In relation to Melanie’s case, a week following her death, the LAPD reported the arrest of a 15 year olda student at an academy that shares a campus with Helen Bernstein, accused of involuntary manslaughter for allegedly selling him the pill.
They arrested him along with another 16-year-old boy, for allegedly selling the same narcotic in an adjoining park.
“But these young people are just pawns being used by drug trafficking organizations,” said LAPD Commissioner Michel Moore, who has vowed to work to crack them down and stem the exponential rise in fentanyl overdose deaths.
And it is a problem that does not stop growing.
More of 100,000 people die each year in the US from overdoses, 80,000 of them from opioid useaccording to the most recent data from the National Center for Health Statistics (NCHS), a number that has increased by 850% in two decades.
And the segment of the population among which deaths are growing the fastest is that of adolescents.
According to data from the Centers for Disease Control and Prevention (CDC), drug use among teens ages 14 to 18 has remained virtually stable over the past decade.
However, Fentanyl overdose deaths among that population have increased: they doubledfrom 253 to 680 in between 2019 y 2020, according to CDC statistics. In 2021, the 884.
“We are by far the world leader in overdose deaths,” Joseph Friedman, a researcher specializing in drug abuse at the University of California, Los Angeles (UCLA), told the BBC.
“And drug use among teens is becoming not more common but more dangerous,” he concluded.
Fentanyl was the cause of 77.14% of drug-related deaths that occurred last year.
Often used to mix with other hard drugs, fentanyl is also sold in pill form, sometimes with the appearance of other drugs such as Xanax, Ritalin, Adderall or the Percocet that Melanie and her friend thought they bought, experts say.

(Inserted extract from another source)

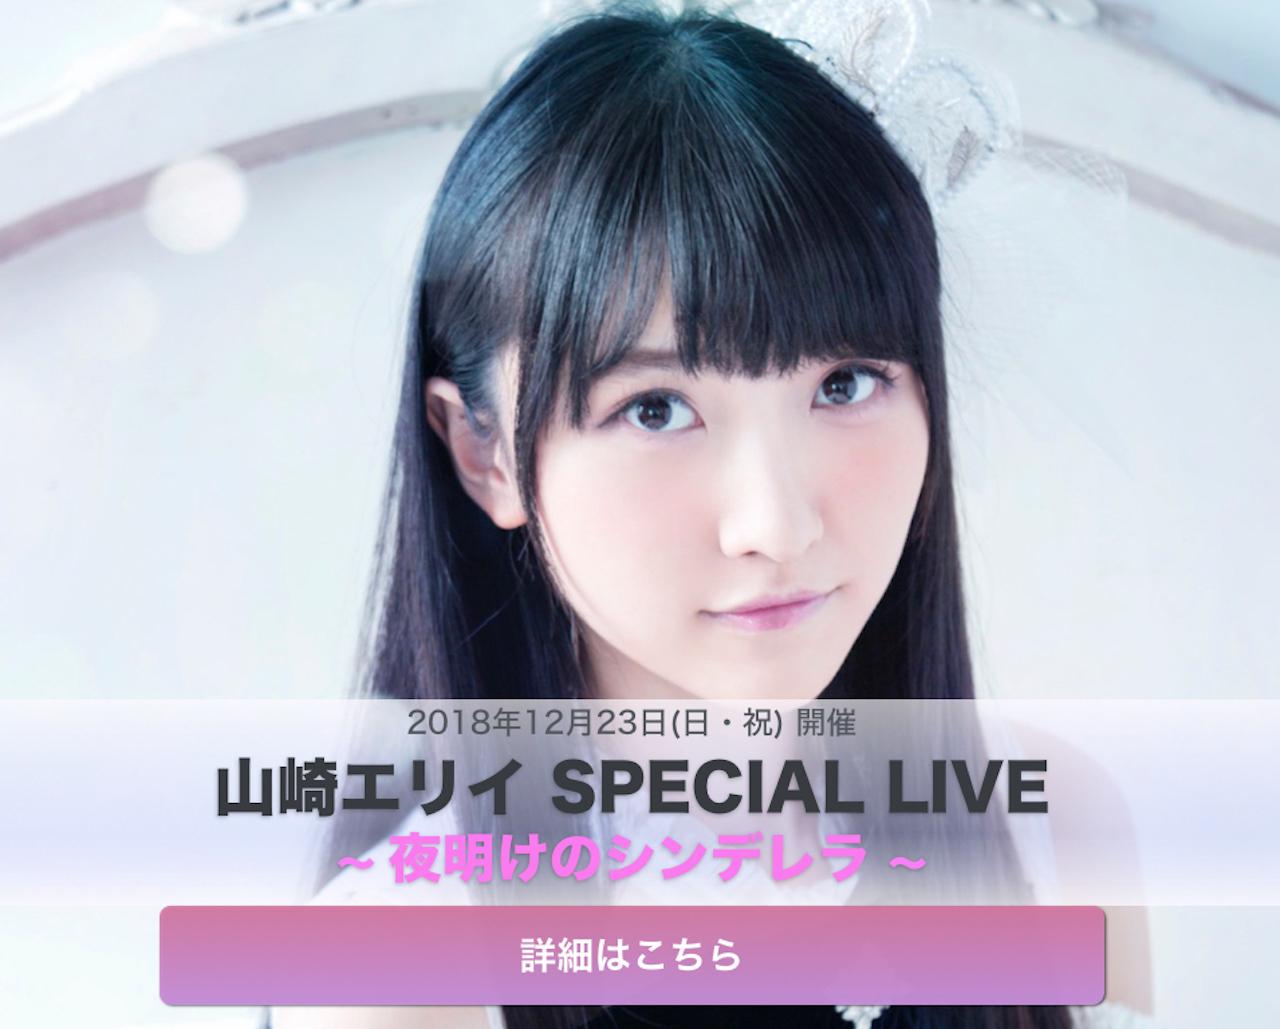 山崎エリイ SPECIAL LIVE~夜明けのシンデレラ~(昼・夜公演)HP先行

In addition, the US Drug Enforcement Administration (DEA) has warned of the existence on the black market of “rainbow” pills of fentanyl, “candy-like”, intended for a young consumer.

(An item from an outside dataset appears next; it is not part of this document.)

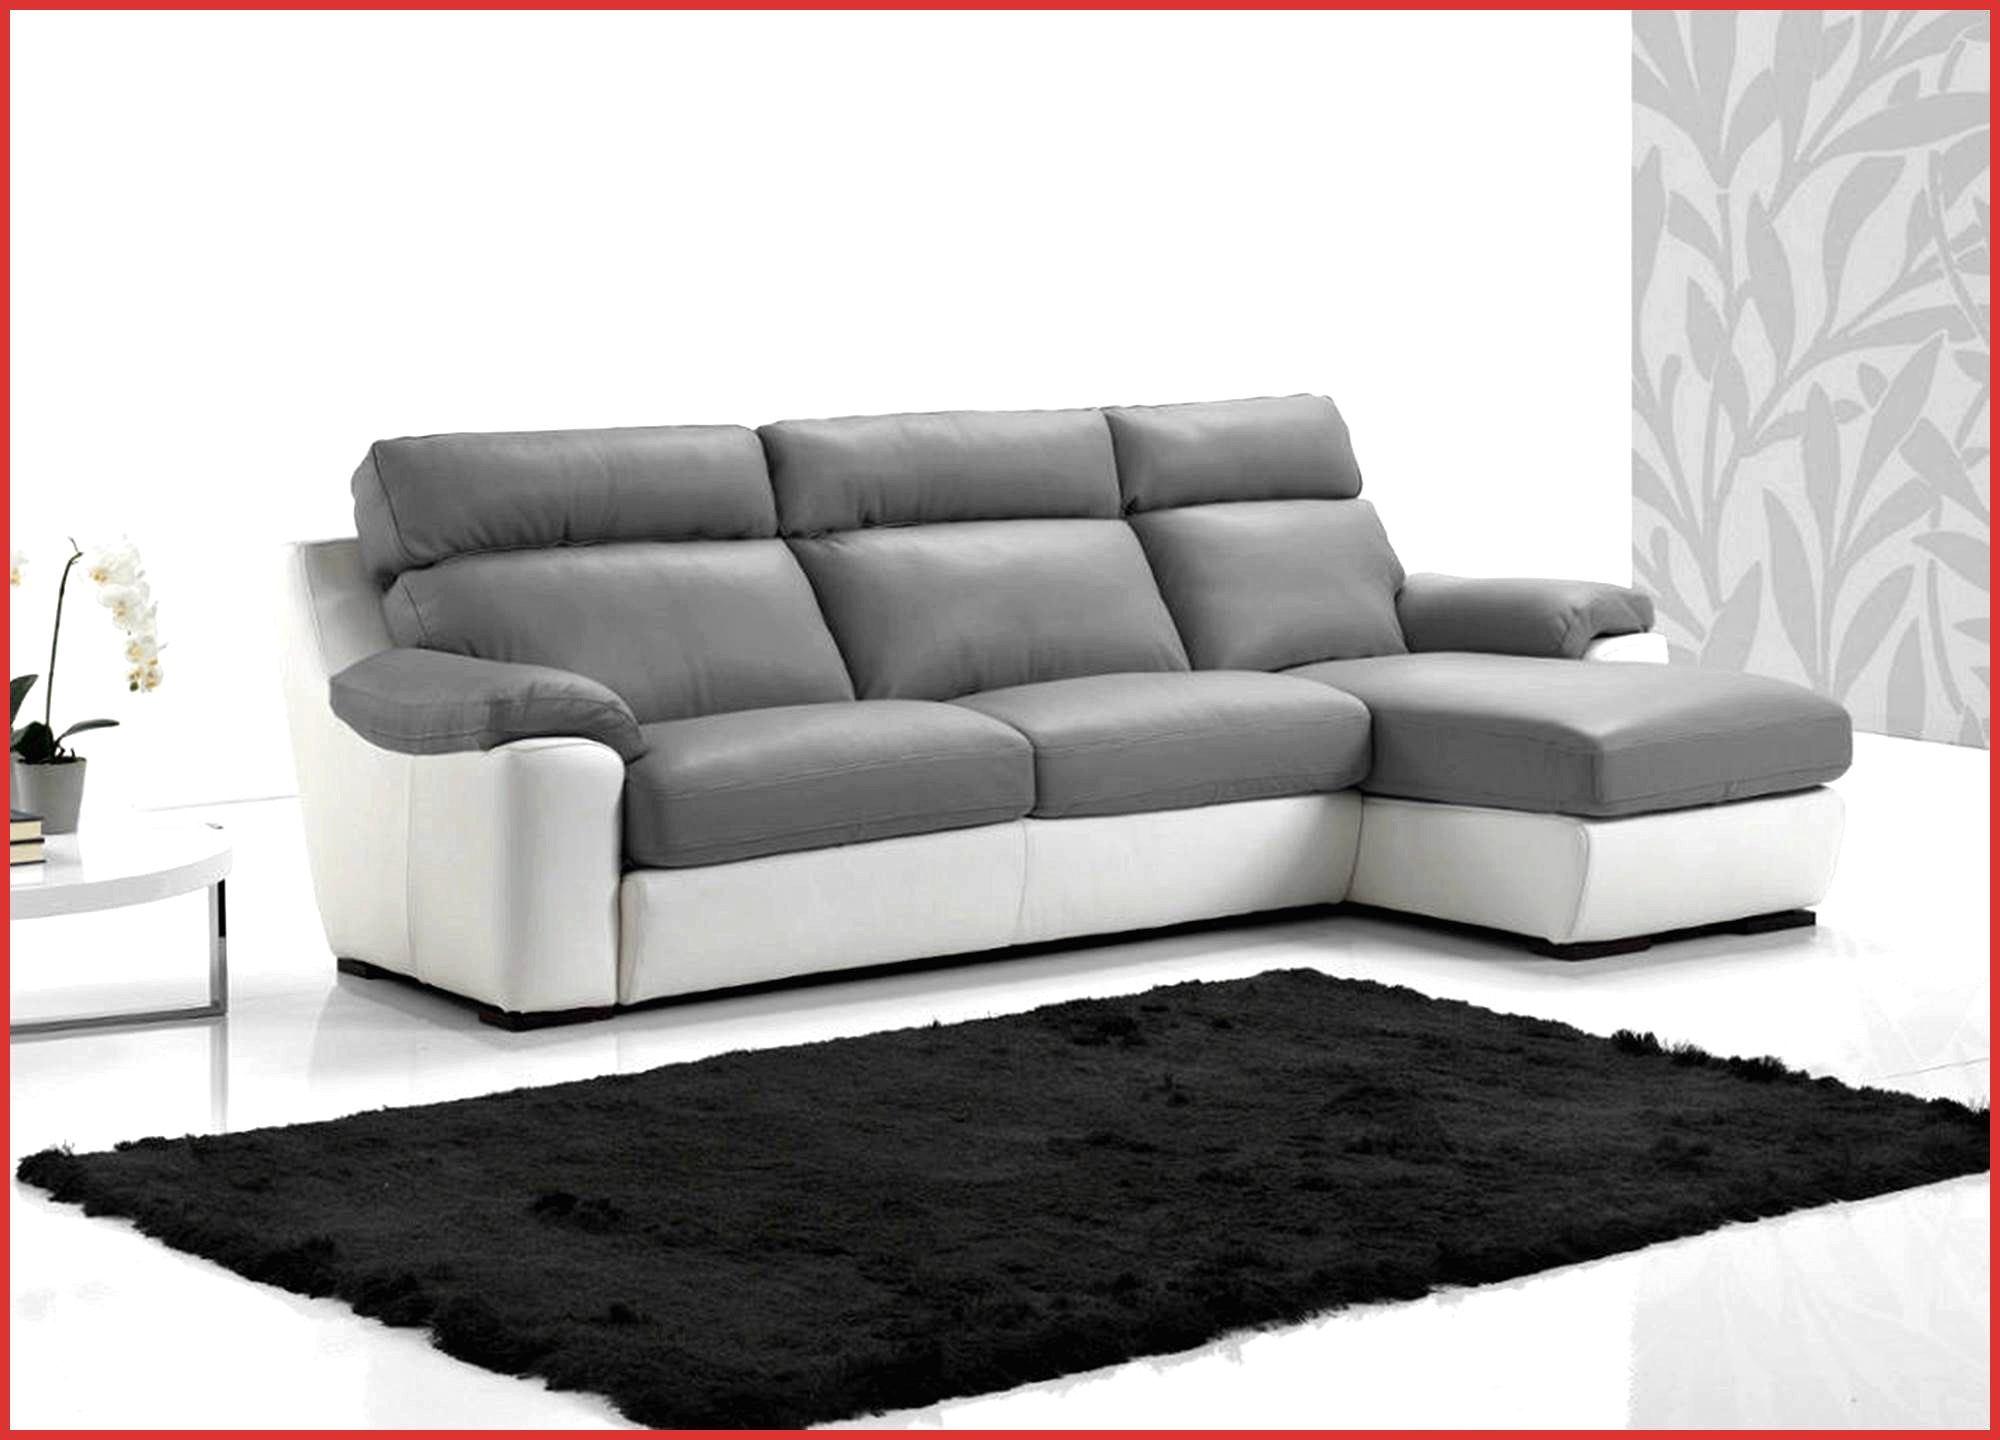 Canapé Angle Cuir Buffle Unique Stock élégant Canapé Cuir Convertible Décor  La Maison Et Intérieur

Just like its victims, fentanyl seizures have multiplied: in 2020 the LAPD’s Narcotics and Gangs Division seized 117,000 pills, 858,000 in 2021 and so far this year it has already had more than three million.
“Just seeing her made me happy”
Melanie’s is one of the faces of this year’s dire statistics, something her mother can’t stop thinking regarding.
“I fall asleep thinking regarding her and wake up thinking regarding her.. I spend the day with her in my head, thinking regarding what I would be doing right now,” he tells BBC Mundo.
“And it’s just that I miss seeing her. Just seeing her made me happy. That was my happiness. Her gestures, her smile.”
That smile that he brought from his last trip to Mexico, where he visited family.
After the holidays, he joined his new school, Helen Bernstein High School.
“Three weeks he spent there,” emphasizes his mother. In that bathroom where they found her on September 13, her laughter disappeared, her desire to conquer the world, her dream of traveling, of joining the army..
Her mother said goodbye to her on the day of the funeral, a day she finds especially hard to talk regarding.
“It was very hard, it was the moment when she realized that she would never be able to see her daughter once more,” Melanie’s godmother, Xochitl Quintero, tells BBC Mundo, seeing the interviewee’s inability to respond.
“It was very hard,” he manages to articulate. “But I decided to dress her. I dressed her, I was with her, I talked to her. I know she listens to me.”